Case Study of ‘Long-Lasting’ Response to Nivolumab in Patient With BRCA1 Mutation
Posted: Tuesday, September 3, 2019
According to a case study published in Clinical Genitourinary Cancer, a patient with metastatic clear cell renal cell carcinoma and a BRCA1 mutation experienced a “long-lasting” partial response to the immune checkpoint inhibitor nivolumab. “We postulate the hypothesis that our metastatic clear cell renal cell carcinoma patient might have well responded with nivolumab treatment because of the presence of a pathogenic germline BRCA1 mutation,” noted Benoit Beuselinck, MD, of the Leuven Cancer Institute in Belgium, and colleagues.
The case study centered on a male patient, aged 69 years, who had undergone a radical nephrectomy with lymphadenectomy to treat grade 4 clear cell renal cell carcinoma. The patient experienced a relapse more than 10 years later with metastases to his liver; the disease progressed until a metastasis developed near the diaphragm 2 years after that.
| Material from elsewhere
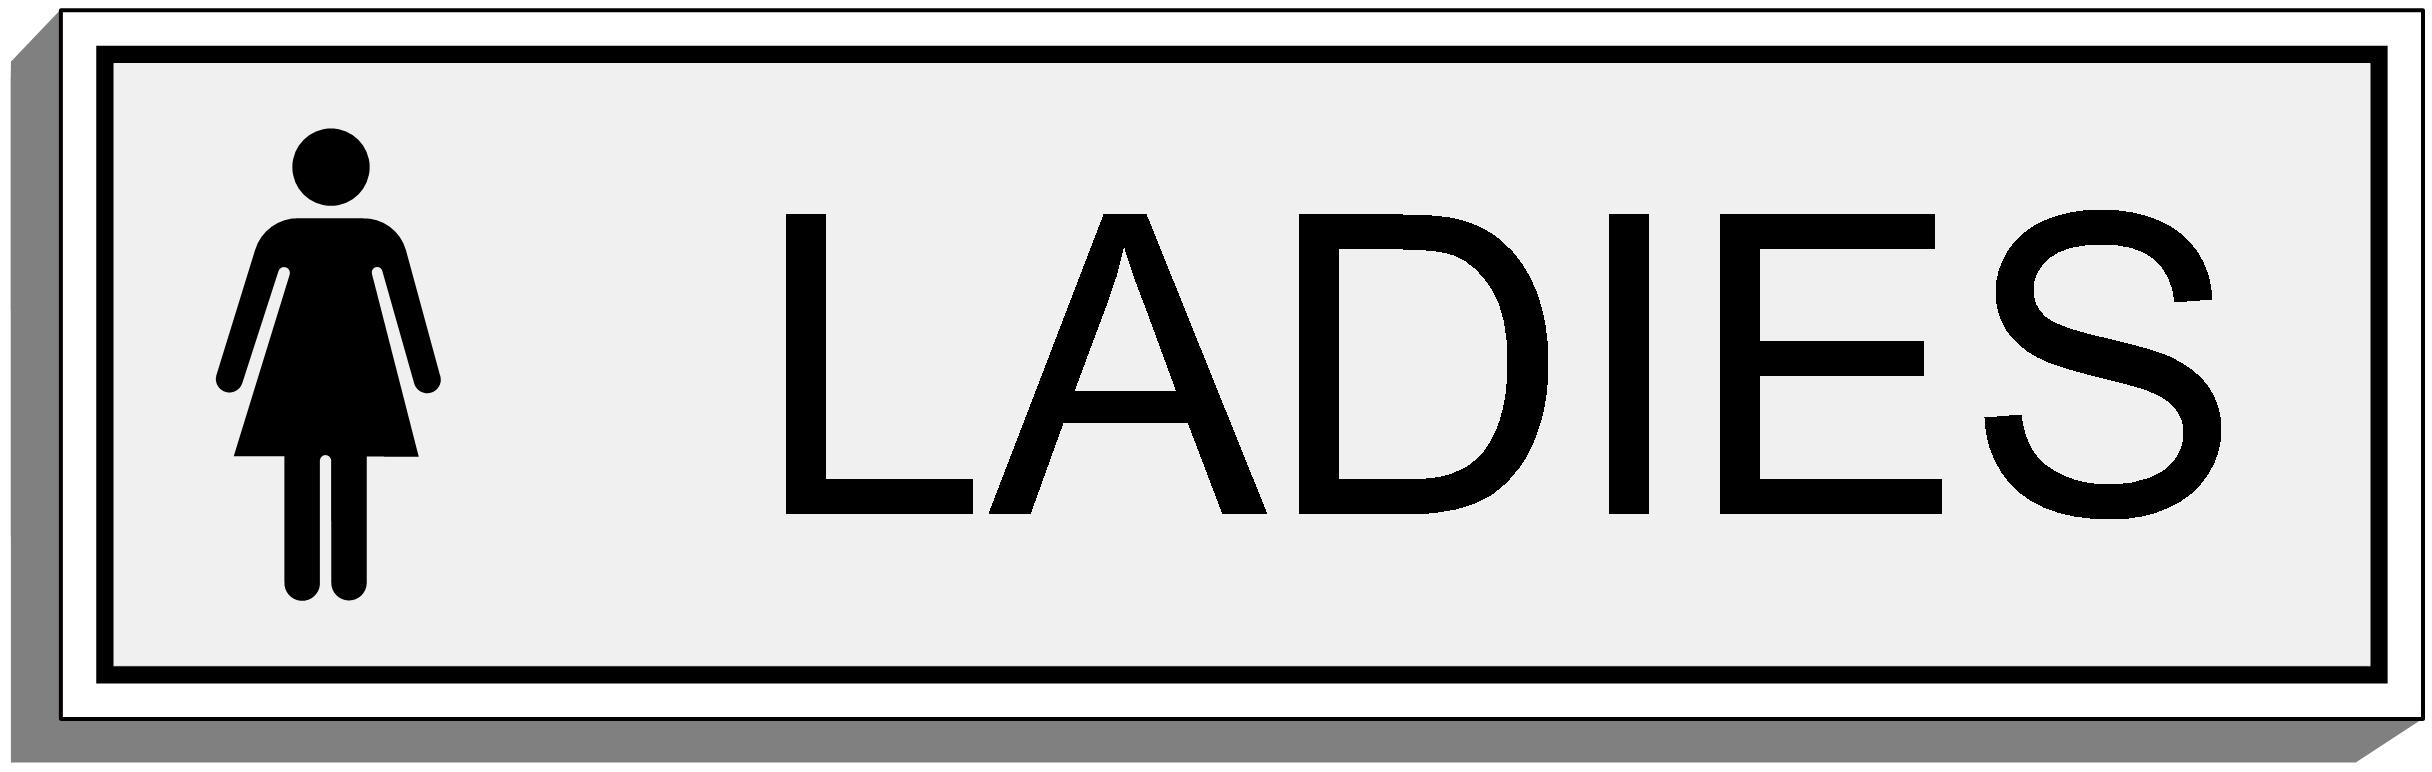 Ladies toilet clipart best for Ladies bathroom sign

After first-line sunitinib treatment, the patient achieved a partial response for a duration of 27 months. Second-line axitinib was introduced due to continued disease progression, but the patient developed bone lesions and adenopathy within 3 months. Finally, third-line nivolumab was administered. In addition, the patient underwent radiation for a metastasis on the sternum. An initial evaluation 2 months later revealed stable disease. About 4 months after the start of immunotherapy, all lesions had responded to treatment, as shown on computed tomography imaging. At recent follow-up, the patient showed a “deep” partial response.
The patient was also found to have a germline pathogenic BRCA1 mutation. When compared with the median expression levels of 290 patients with clear cell renal cell carcinoma, the patient’s primary kidney tumor had twice the level of VEGFR2-mRNA, although its expression of P-1 and PD-L1 was below median. Researchers also noted two other case studies of patients with metastatic renal cell carcinoma and somatic or germline mutations who benefited from immunotherapy.
Disclosure: Dr. Beuselinck received an unrestricted research grant and a speaker’s fee from Bristol-Myers Squibb. The other authors reported no conflicts of interest.